U.N. Secretary-General Ban Ki-moon recently called for a “paradigm shift” in this regard. Do you think that we will see this in Addis and at the U.N. General Assembly in New York in September, or do think that it’s going to become an exercise in lowest common denominators in terms of finding a consensus?
You see, many organizations like ours — Southern Voice — we’re asking the question: What is the value addition we will find in Addis vis-a-vis Monterey, Accra, Busan and all these places?
Earlier, developed countries talked about the developing countries needing to have a paradigm shift, a mindset change, to learn how to deal with their own resources and be independent and responsible for their own future.
I think they have learned to do that. Unfortunately, the developed countries still have not changed. All discussions end up talking about ODA, which is a tragedy. Those who are asking for change in mindset are themselves stuck with a certain mindset. I do not see any discussion beyond aid over here, whereas in countries like mine, we are talking about trade, we are talking about remittances, we are talking about FDI, we are talking about how to get access to technology. So I think those are the new issues and I call upon my colleagues in the developed countries to really have a change in mindset.
And moving beyond aid would, of course, include private sector finance and other innovative forms of finance. We talked about remittances earlier, but we’ve also heard a lot about crowdfunding as well. What’s your take on that?
Innovative finance, at the end of the day, will need global collaboration because most concerns cross-border activities: whether a climate fund or a financial transaction tax. So again, it has to come at a higher level of change in mindset. I see the movement from a very eighth century discussion to a multiple financial instrument centric discussion leading to systemic change. This will be the way forward to approaching innovative finances and that is the direction we will have to move into.
I take your point that there’s a lot of attention paid to ODA, but of course the very nature and definition of ODA could soon be set to change to include lots of different things, including concessional loans and so on. Is that a game changer?

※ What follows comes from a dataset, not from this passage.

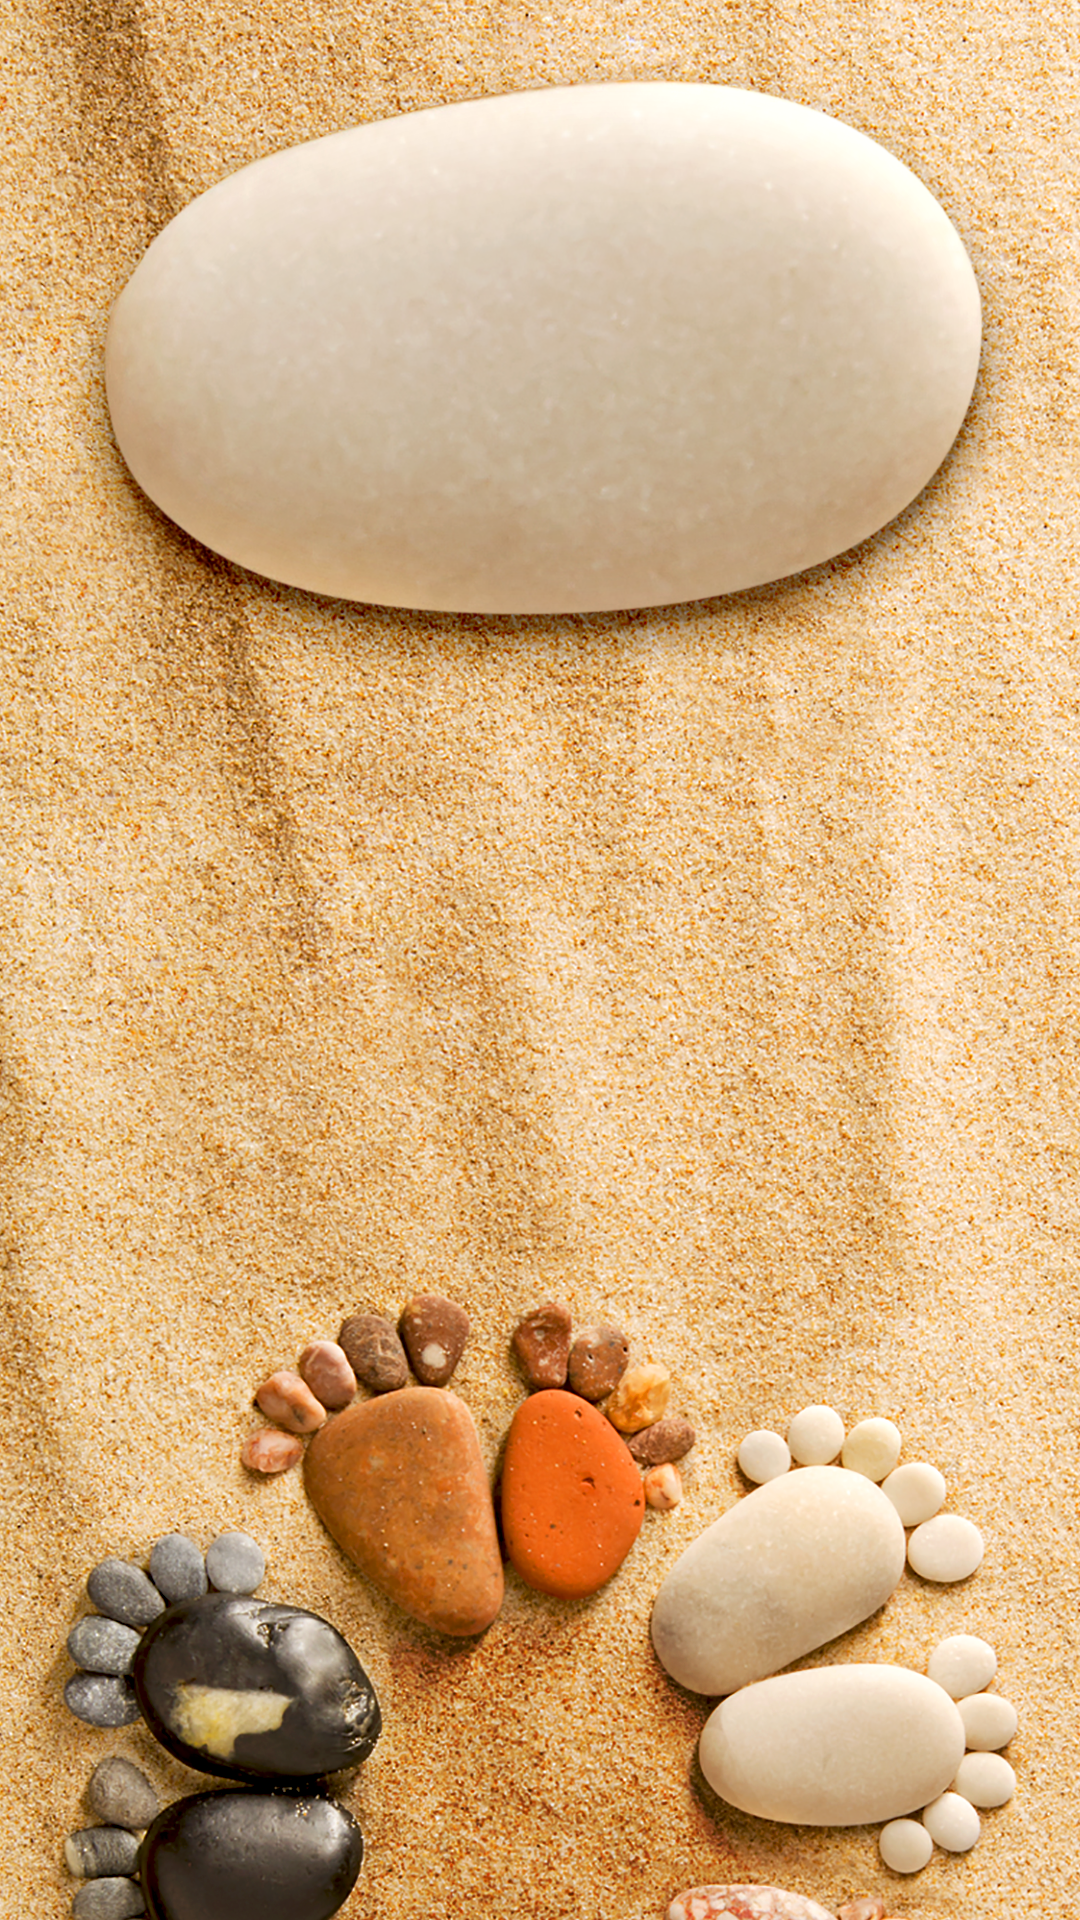 ↑↑TAP AND GET THE FREE APP Lockscreens Art Creative Sand Steps

The most important thing that is changing is that its role as a share in the total financial flow is going down. You see, even if tomorrow, or in the next five years developed countries fulfil their much awaited promise of 0.7 percent of [gross national income], it will still be a minuscule part of the overall financial flow — so we should not really get over excited about it. The real issue is how, in the future, we strategically use that very precious grant aid in a particular way in order to mobilize other resources. It is the catalytic role of ODA that will become much more important in future.
Aid is important, but it is time we looked beyond aid. In order to finance the future we would have to look for more blended finance, where aid will be used as a catalyst. In order to make good use of all this we’ll have to have domestic reforms, starting from strong institutions, improved governance, access to justice, all those things. And last but not the least, the world has to change as well. The way they used to do business, the way they used to structure the financial flows, has to change as well along with these issues.
So yours is a call for a sea change?
It’s what the EU calls a paradigm shift. It is time to call their bluff. If they really mean paradigm shift, let’s have it. If not, we’re going to expose it.
And will actors like the EU really put their cards on the table in Addis?
Yes, I think the global community is much more aware than before, and I think developed countries are also looking for win-win solutions. … There are so many global threats at this moment, in the security area, in terms of health issues such as Ebola and others, that it really is time to come together.